Israeli Scholar to Lecture at Clark on Final Days of Holocaust
Tuesday, March 05, 2013
A professor and renowned scholar of Modern Jewish history and Holocaust Studies at the Hebrew University of Jerusalem, Blatman is also the head of the Harman Institute of Contemporary Jewry. He has worked on the history of the Jewish labor movement in Eastern Europe, the Holocaust in Poland, and on Nazi annihilation policy at the end of World War II. Recipient of the Jakob Buchman Prize for the Memory of the Holocaust and the Pridan Prize for Studies in East European Jewish History, Blatman, has held visiting professorships and fellowships at Tel Aviv University, New York University, Georgetown University, and the Center for Advanced Holocaust Studies at the United States Holocaust Memorial Museum.
“Professor Blatman’s visit deepens the Strassler Center’s engagement with Israeli academics researching the Holocaust, and it is part of a broader initiative to jointly strengthen Holocaust and Genocide Studies at Clark and in Israel,” said Mary Jane Rein, executive director of the Strassler Center.
For his exceptional scholarly work, Blatman was awarded a four-year grant from the Israel Science Foundation to conduct research on “The Death Marches and the Evacuation of the Concentration Camps, January-May 1945.”
His newest book’s focus is the final deadly months of the Third Reich when approximately 250,000 concentration camp inmates perished on forced marches and in brutal cases of mass killing. He draws on archival sources and testimonies of victims, perpetrators, and bystanders, to examine the closing stages of Nazi atrocities and situates them in the broader context of the history of the Holocaust.

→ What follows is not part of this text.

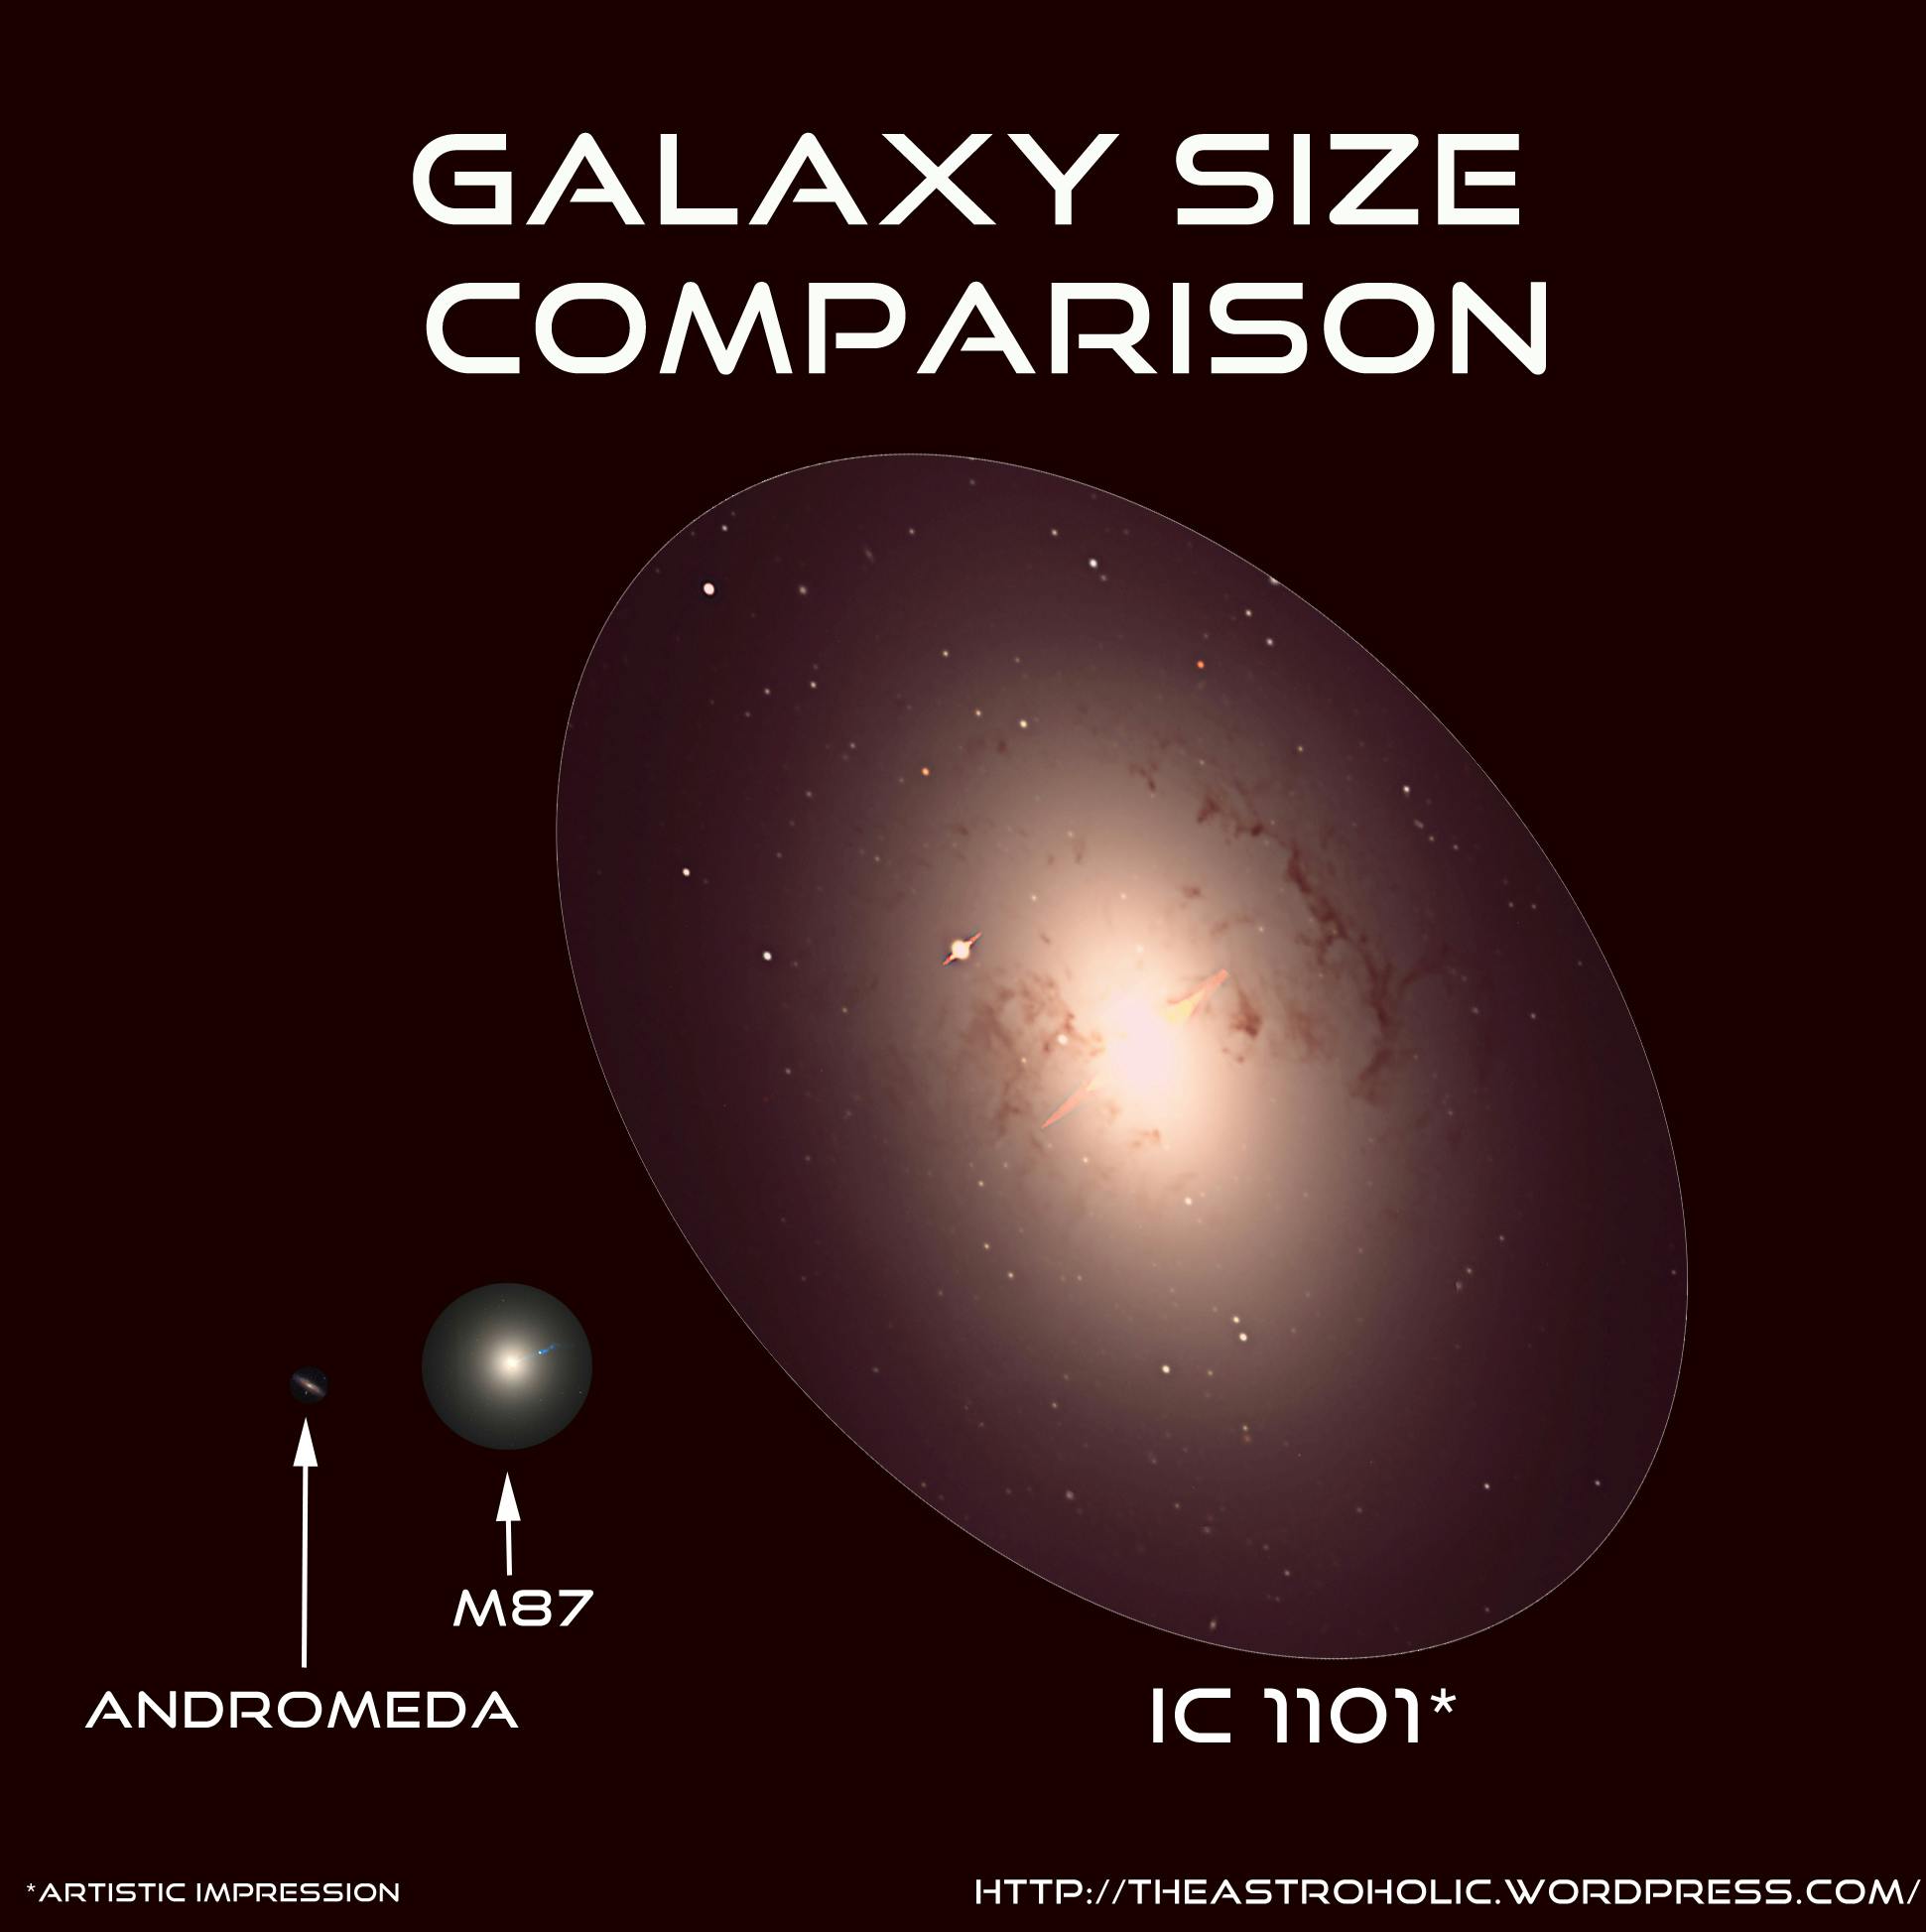 How big is the biggest galaxy in the Universe?

"He worked on this book over a period of almost ten years," says Michael Nolte, a doctoral student at the Center for Holocaust and Genocide Studies.
"The time Blatman invested in writing the book is reflected in the detail of his scholarship. Providing the first comprehensive account on the death marches, he elucidates the final killing frenzy of the Third Reich. The results of his work are groundbreaking."
Nolte explains the uniqueness of the work further.
"During the concluding phase of Nazi mass murder, for instance, the circle of perpetrators widened. When concentration camp guards drove the inmates on long and exhausting death marches, local officials, members of civilian militias, and ordinary Germans joined the killings. So far, Holocaust historiography has widely ignored this group of executioners."
In a review published in the Wall Street Journal, Yale University Professor Timothy Snyder writes, “Mr. Blatman chronicles, authoritatively, an important chapter in the history of Nazi Germany. But because the death marches and associated massacres do not fit our presumptions about genocide, his important book opens again the crucial question of the 20th century: why we kill.”
Visits by Israeli scholars to the Center and by Center faculty to Israel have long been part of the academic life of the Strassler Center and have proved invaluable to students and faculty.